The oxygen that results from photosynthesis comes directly from the

1. splitting of carbon dioxide molecules by the Calvin cycle.
2. splitting of water molecules to provide electrons for photosystem II.
3. action of proton pumps in the electron transport chain.
4. absorption of photons by carotenoids in the photosystems.

Reveal Answer

B is correct. After the water molecules are split, the resulting 2 oxygen atoms combine to form oxygen gas.

Dark Reactions

The dark reactions generally take place in sunlight; however, light does not play a role in the dark reactions. In this part of photosynthesis, carbon dioxide is used to make a complex organic molecule. The dark reactions form a cycle or circular series of reactions. The dark reactions are also known as the Calvin cycle.

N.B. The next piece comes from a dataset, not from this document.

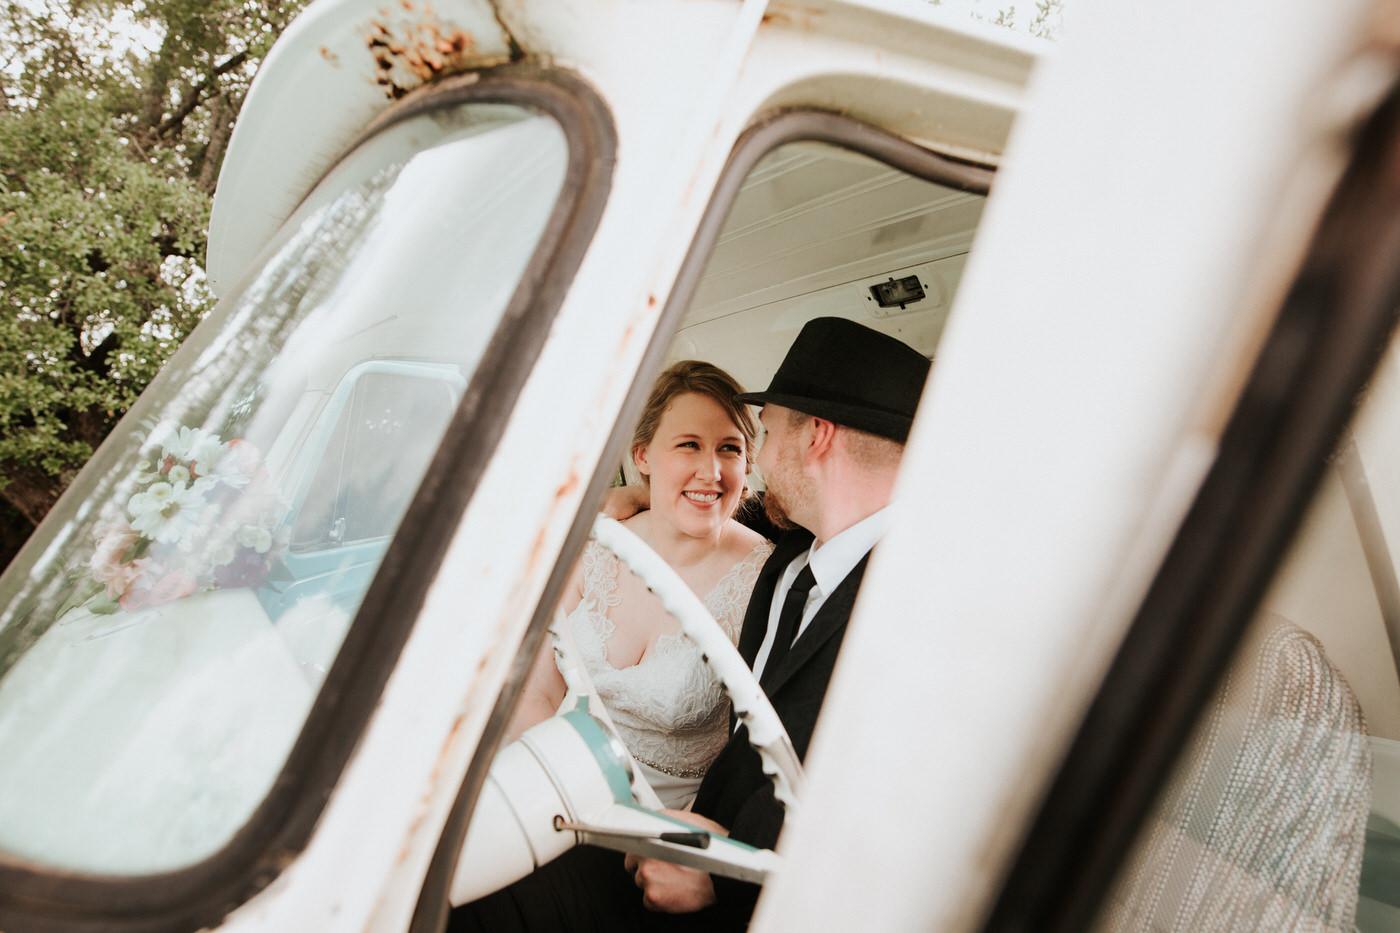 Chapel Dulcinea Elopement Wedding - Diana Ascarrunz Photography-368.jpg
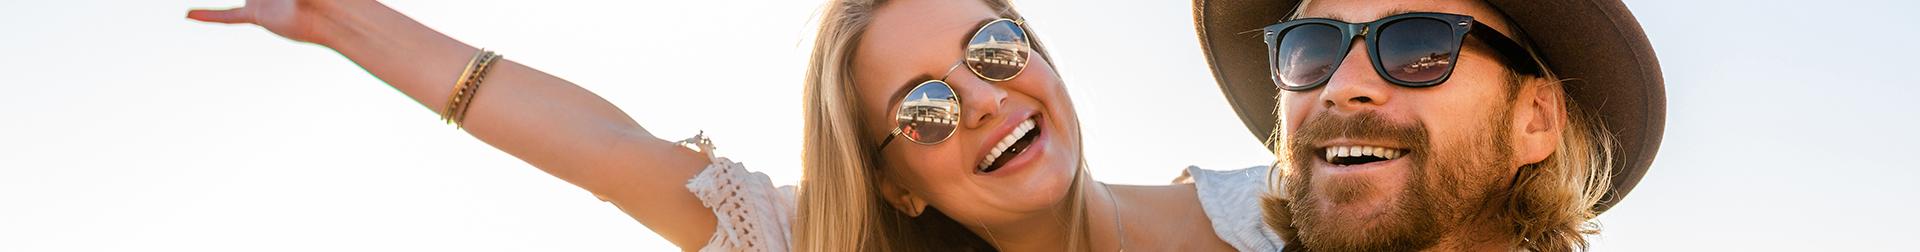 Sunglasses | Sunglasses - Buy Best Stylish Sunglasses for Men And Women | AromaCraze

The Calvin cycle employs a complex battery of enzymes that are found in the stroma of a chloroplast. Photosynthesis itself usually occurs in the thylakoid membrane of a chloroplast. A total of six carbon dioxide molecules must enter the Calvin cycle to produce one six-carbon sugar molecule. The Calvin cycle takes place in five steps.

• The cycle begins when a carbon atom from a CO2 molecule is added to a five-carbon molecule (the starting material).
• The resulting six-carbon molecule is unstable and immediately splits, forming two three-carbon molecules. These first two steps tend to be relatively slow. In order to compensate, the chloroplast has an enzyme that catalyzes the reaction.
• Then energy in the form of a phosphate group from ATP is added to the three-carbon molecules, and they are reduced by the addition of hydrogen from NADPH.
• The reduced three-carbon molecules may combine to make glucose, a six-carbon sugar, or may be used to make other organic molecules.
• Most of the reduced three-carbon molecules are used to regenerate the five-carbon starting material, thus completing the cycle.

Question

Which of these are produced by the dark reactions?

1. Oxygen
2. Water
3. ATP
4. Glucose

Reveal Answer

D is the correct answer because the final end product of the dark reaction is glucose.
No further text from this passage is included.